Another issue that source code analysis tools cannot account for are methods for avoiding events such as errors. One type of method used to prevent errors are referred to as ‘cleanser’ subroutines. ‘Cleansers’ assign the variable have a value of zero (0) to avoid various programming related issues when a variable has no value assigned to it. When a source code analysis tool looks at a subroutine, it does not look to any other subroutines called, including ‘cleansers’. While an executed program might not have an error, a source code analysis tool will not see that and report a possible error. There could also be cases where the subroutine returning an error might not be fatal to the entire program due to another condition in the code, but the source code analysis tool will not know to look for that. An otherwise harmless error could also prevent further analysis of the program by the source code analysis tool as it perceives the program might not be operable beyond that point.

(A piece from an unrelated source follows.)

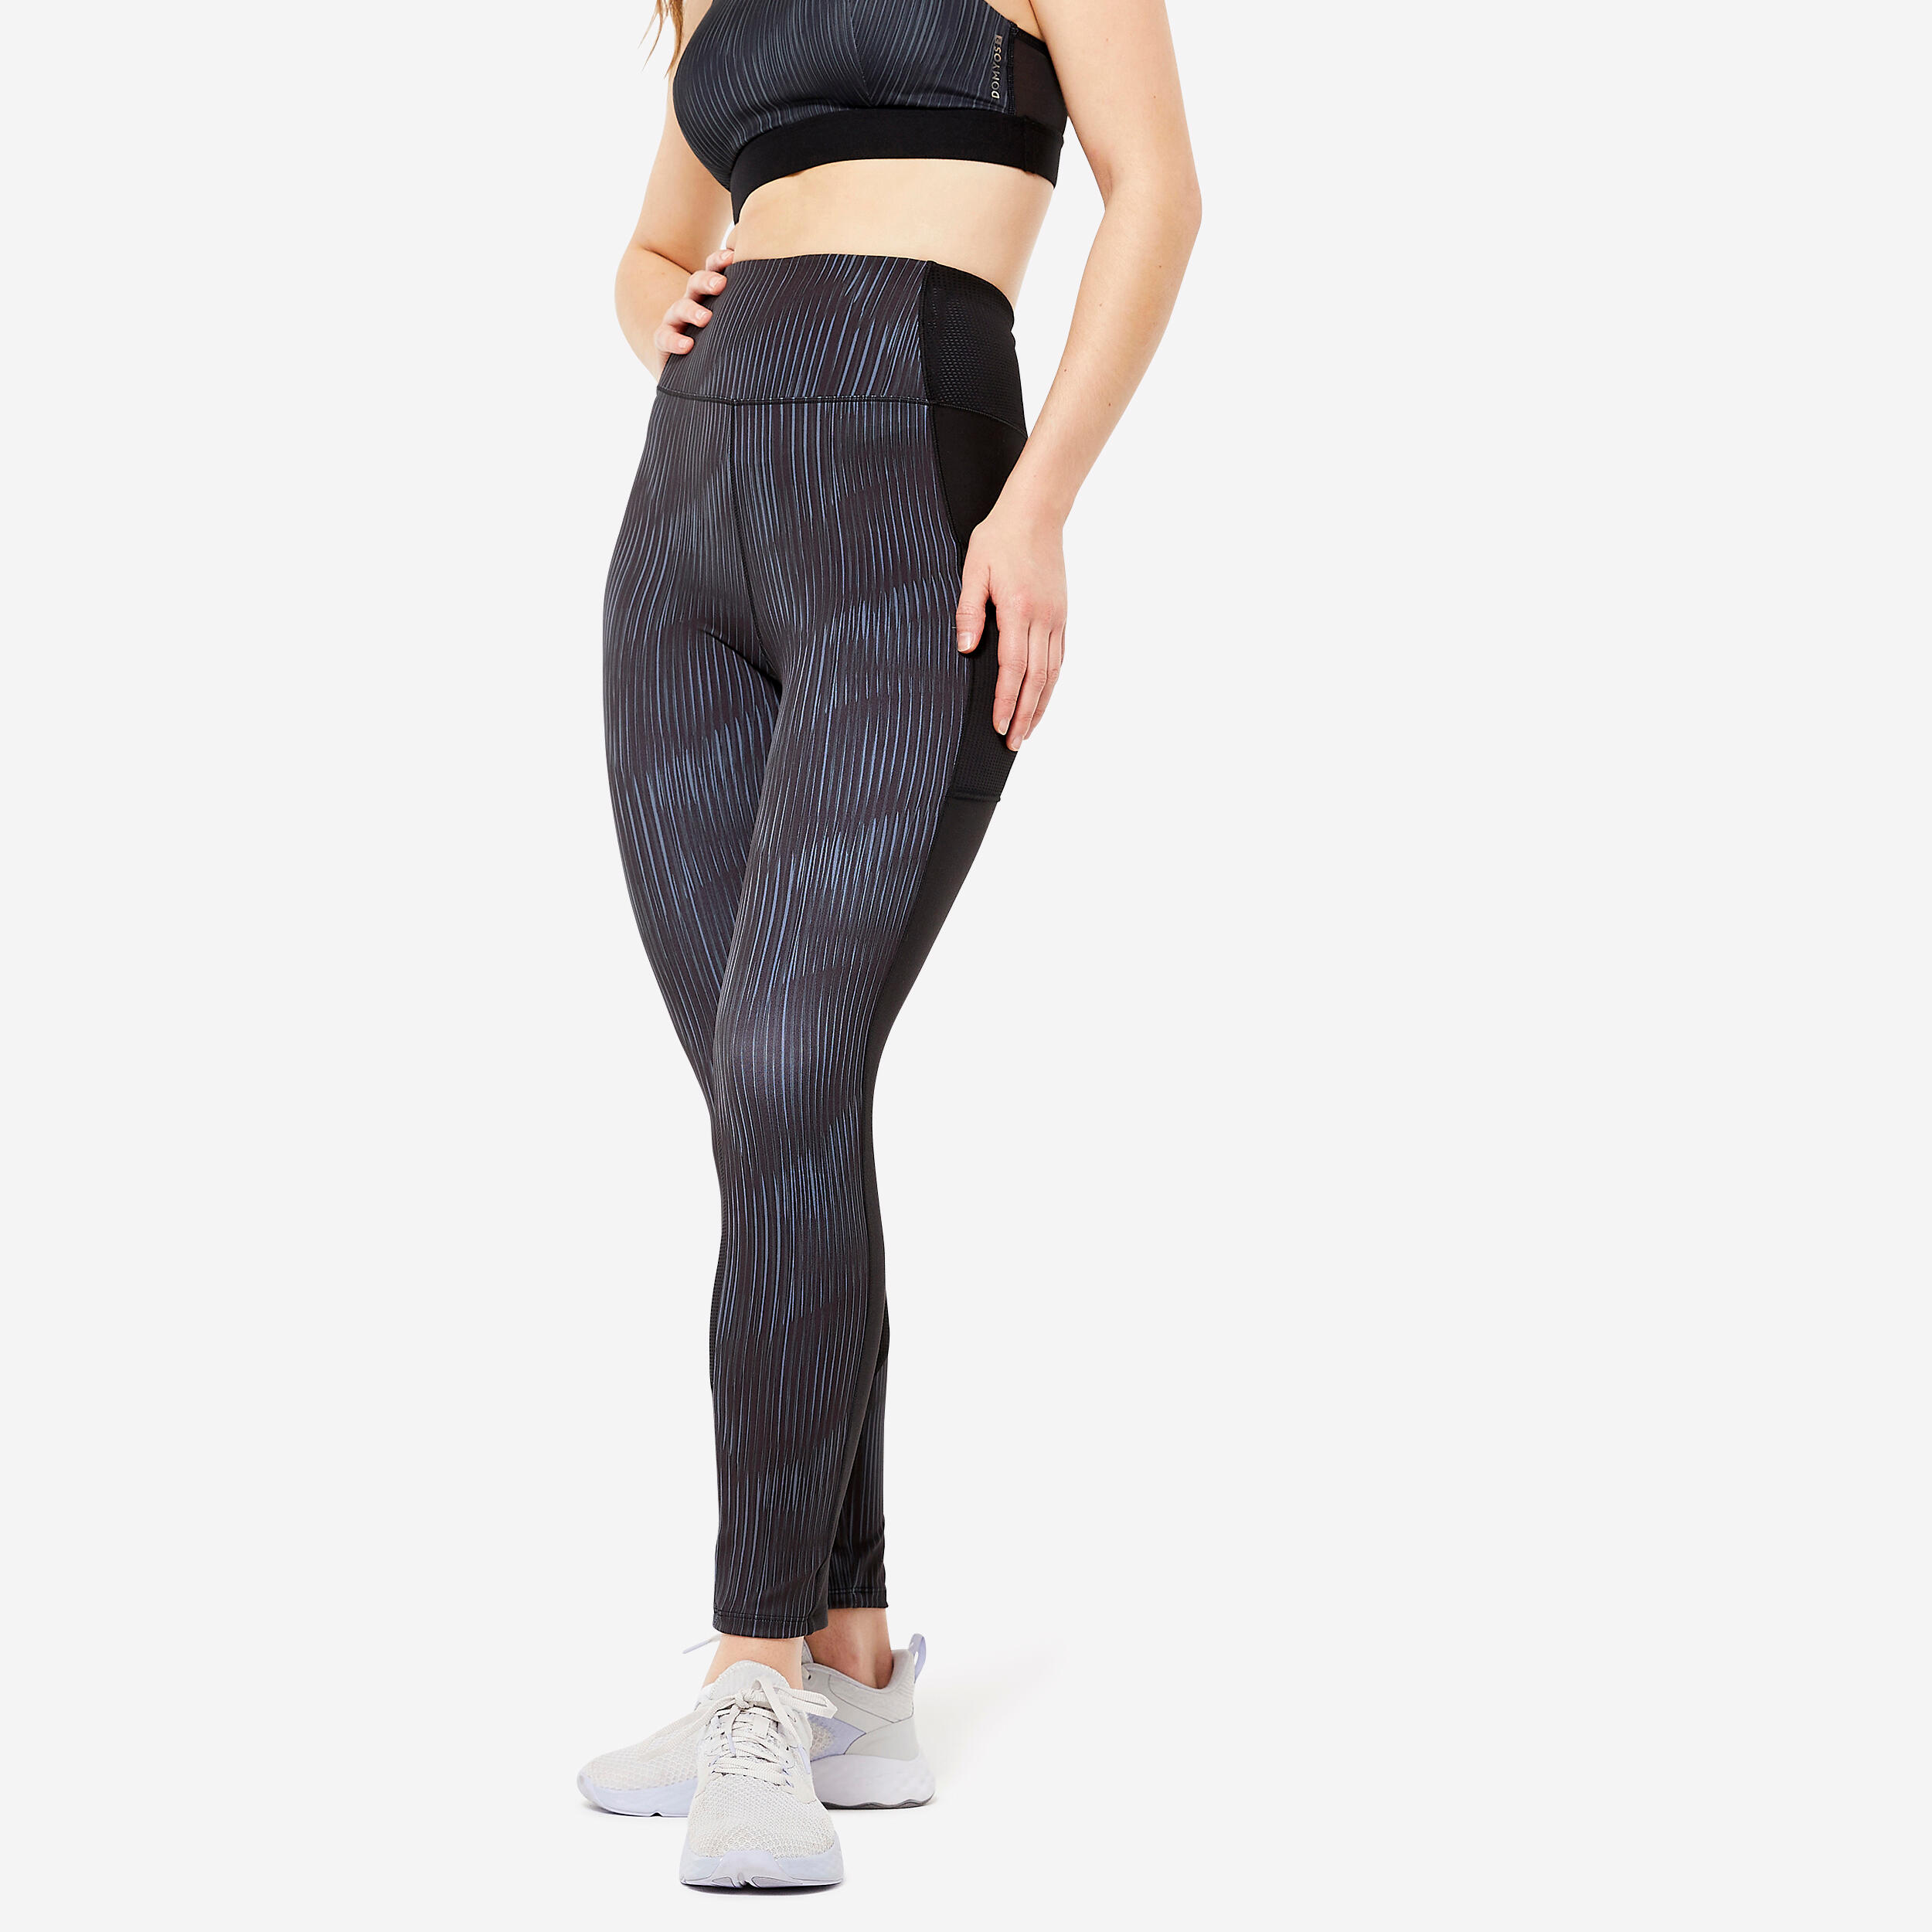 Women's Fitness Cardio Leggings with Phone Pocket - Black/Grey Print 1/7

A need exists for a method, system, and program for static analysis of source code by simulation of source code execution. The invention performs a simulation of subroutine source code execution while tracking the associated data values in the specific data formation of intervals during the simulation. When the data flow reaches a predetermined event, the data flow can bifurcate to simulate multiple data flow paths while also identifying these as points of interest. These points of interest are recorded during the simulation and relayed to a code analyst as a point of interest along with the results of the simulation.

SUMMARY OF THE INVENTION

The method, system, and program illustrated and described herein have several features, no single one of which is solely responsible for its desirable attributes. Without limiting the scope as expressed by the description that follows, its more prominent features will now be discussed briefly. After considering this discussion, and particularly after reading the section entitled “DETAILED DESCRIPTION OF THE ILLUSTRATIVE EMBODIMENTS” one will understand how the features of the invention provide for the analysis of source code.

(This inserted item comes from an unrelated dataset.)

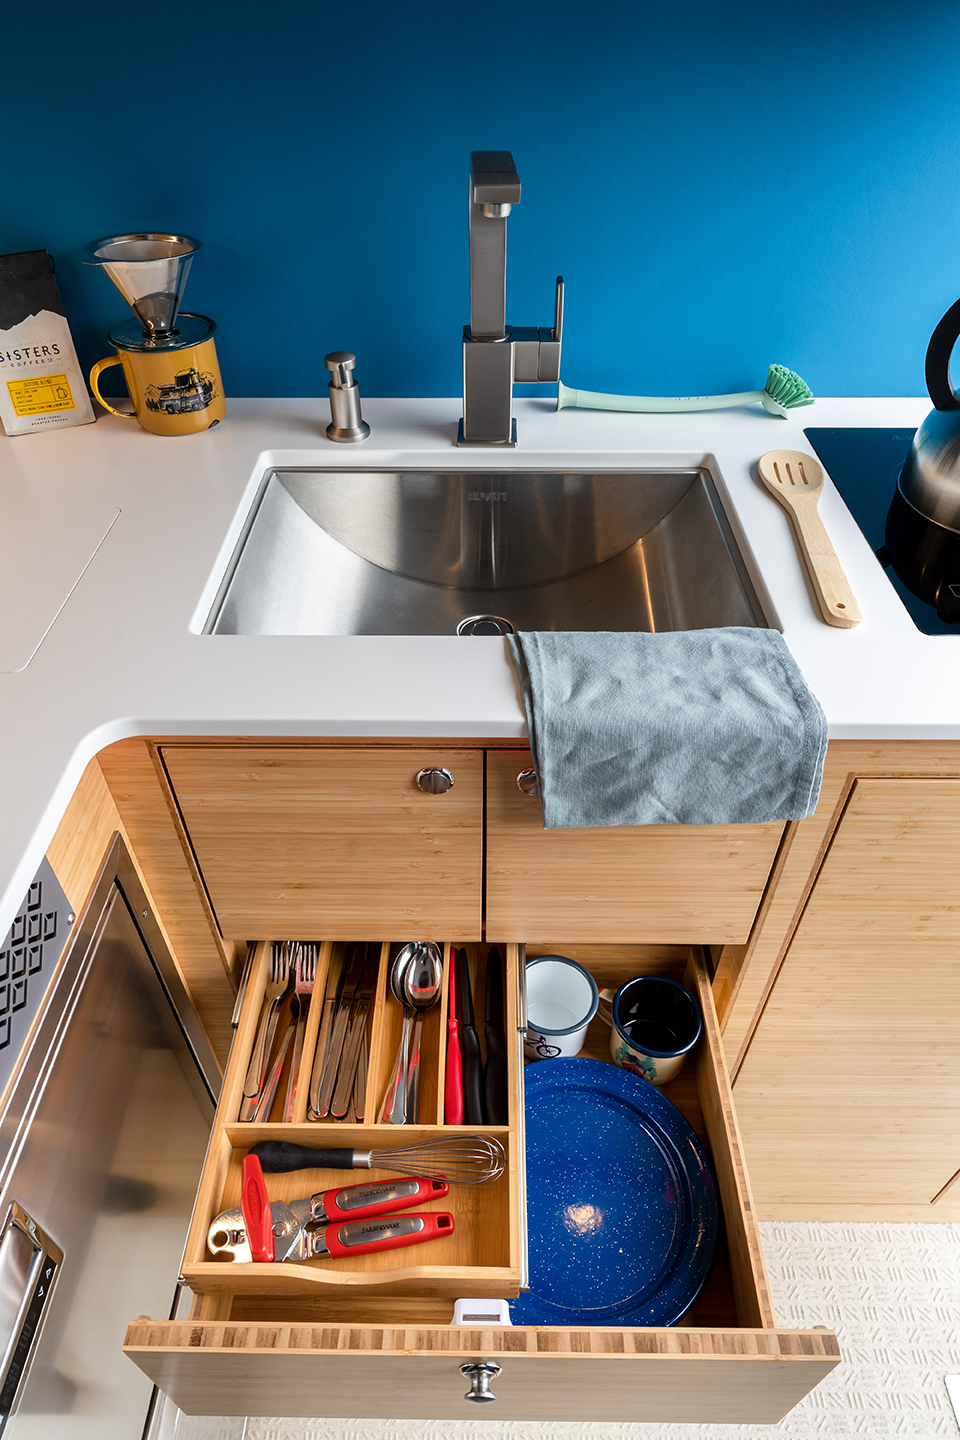 Stainless steel sink, Corian countertop, storage drawers

The invention is a method, system, and program for static analysis of source code by simulation of source code execution. The invention performs a simulation of subroutine source code execution while tracking the associated data values in the specific data formation of intervals during the simulation. When the data flow reaches a predetermined event, the data flow can bifurcate to simulate multiple data flow paths while also identifying these as points of interest. These points of interest are recorded during the simulation and relayed to a code analyst as a point of interest along with the results of the simulation.

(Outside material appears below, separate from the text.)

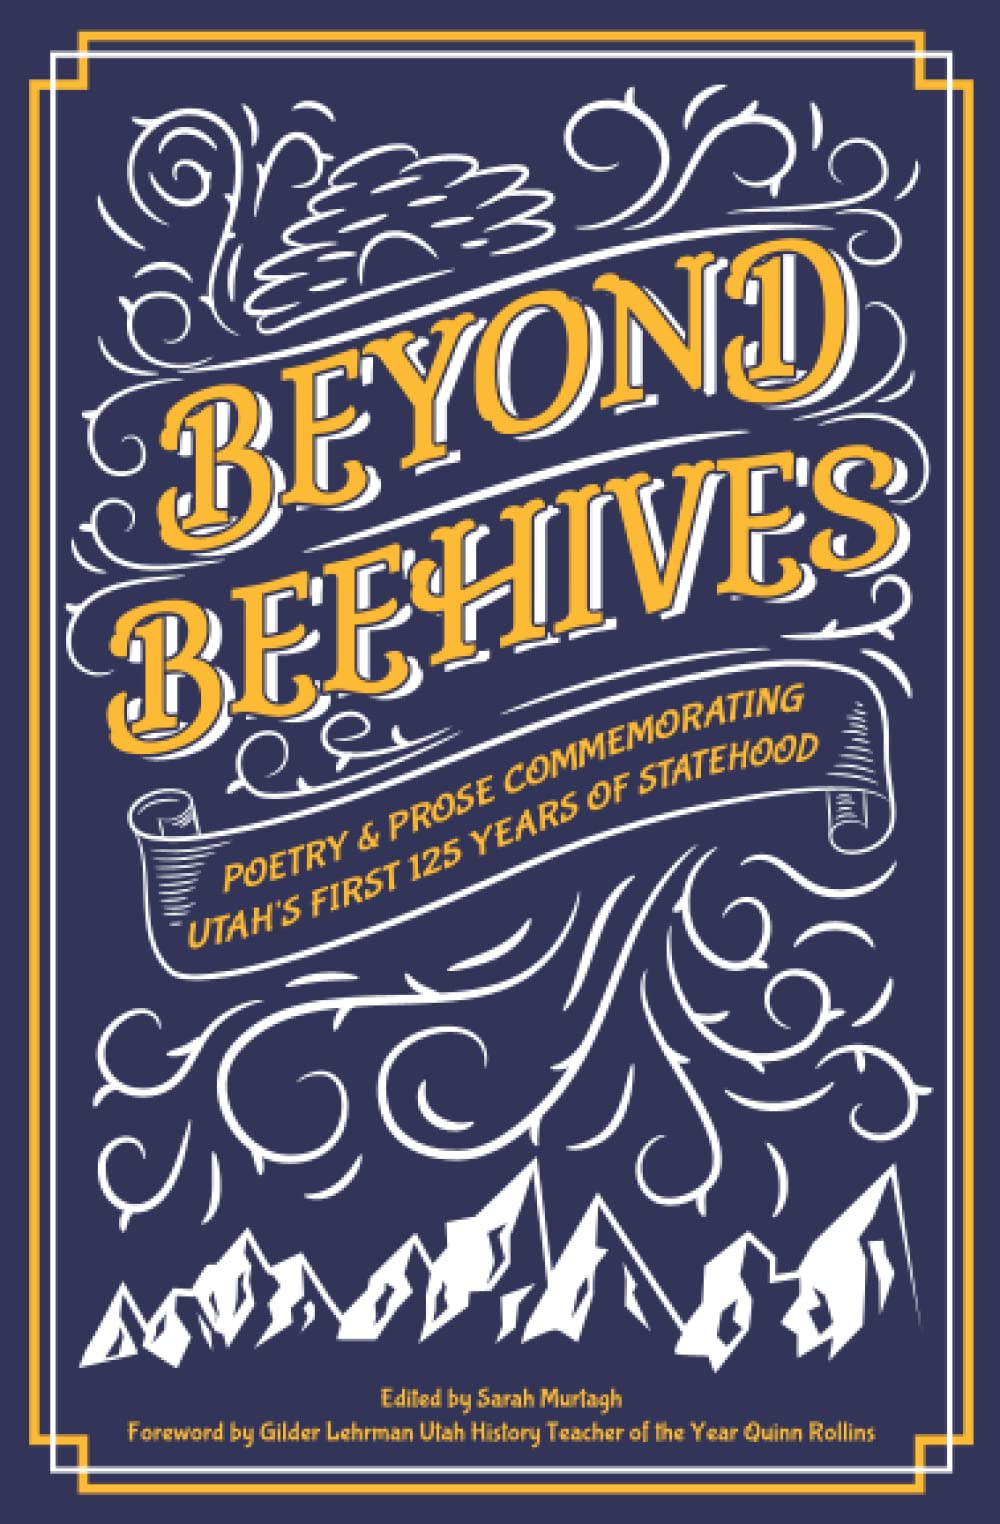 Beyond Beehives

The invention can be used in most computer languages for various forms of event detection, including most error types, weakness in security that make a system vulnerable to external interference, and array balance checking. The first aspect of this invention is it utilizes a special data type called an interval. Intervals are mathematical ranges used for inputs in the simulation. Intervals can be used for any data type. The value of the ranges depends on the original data type. An integer can be converted into a range before the simulation is performed. These ranges can reach from negative infinity to infinity. Secondly, the invention addresses the issue of looping which can greatly reduces the amount of processing time needed to complete the simulation. Most programs have a series of conditional statements that determine which set of instructions are followed for the remainder of the program. The simulator makes a copy of the program simulation up to that point and executes the first choice in the program. It later returns on a subsequent loop and completes the other choice. Another instance that could make a simulation return to an earlier point comes from loop generated not by the simulator but from the program itself. When this occurs, the instructions are repeated again as directed by the source code.

With both loops and conditional statements that need to be repeated, there could be a potentially infinite number of times the simulation is repeated if the values used were integers. This invention prevents redundant loops from repeating unnecessarily.

A way to prevent the possibility of infinite loops is to end the loop by seeing if the loop has already been accomplished. In this case, the use of a value ranges instead of integers are helpful. When a loop occurs, the simulator will see if the ranges being simulated have already been used. If so, there is no need to repeat the loop.

The preemption of infinite loops can be accomplished in some cases via loop induction. In loop induction, the initial conditions of the first loop are known. When a loop is executed after the first time, the simulator wants to combine all the iterations into one execution. This is possible as most loops are exactly the same. The source code makes might make no material distinction between loop two and loop two thousand in the code. The second time a loop is executed, the range could be from one to infinity. When the next loop is executed, the range might have increased an increment so it is now two to infinity. Since that range has already been analyzed, the rest of the loop can be ignored as it has already been simulated.

The third aspect of the invention involves the interprocedural nature of the source code analysis. Prior to this invention, subroutines were examined individually without benefit of the context of the larger program. When values are processed through these subroutines, the return values can be stored in cache memory to make future simulation of the subroutine unnecessary if the subroutine is recalled. The return values need to be saved as a cleanser program could be used to remove their true vales during the course of the program simulation. This process allows value retention to afford intelligent decisions in source code analysis while minimizing processing resources.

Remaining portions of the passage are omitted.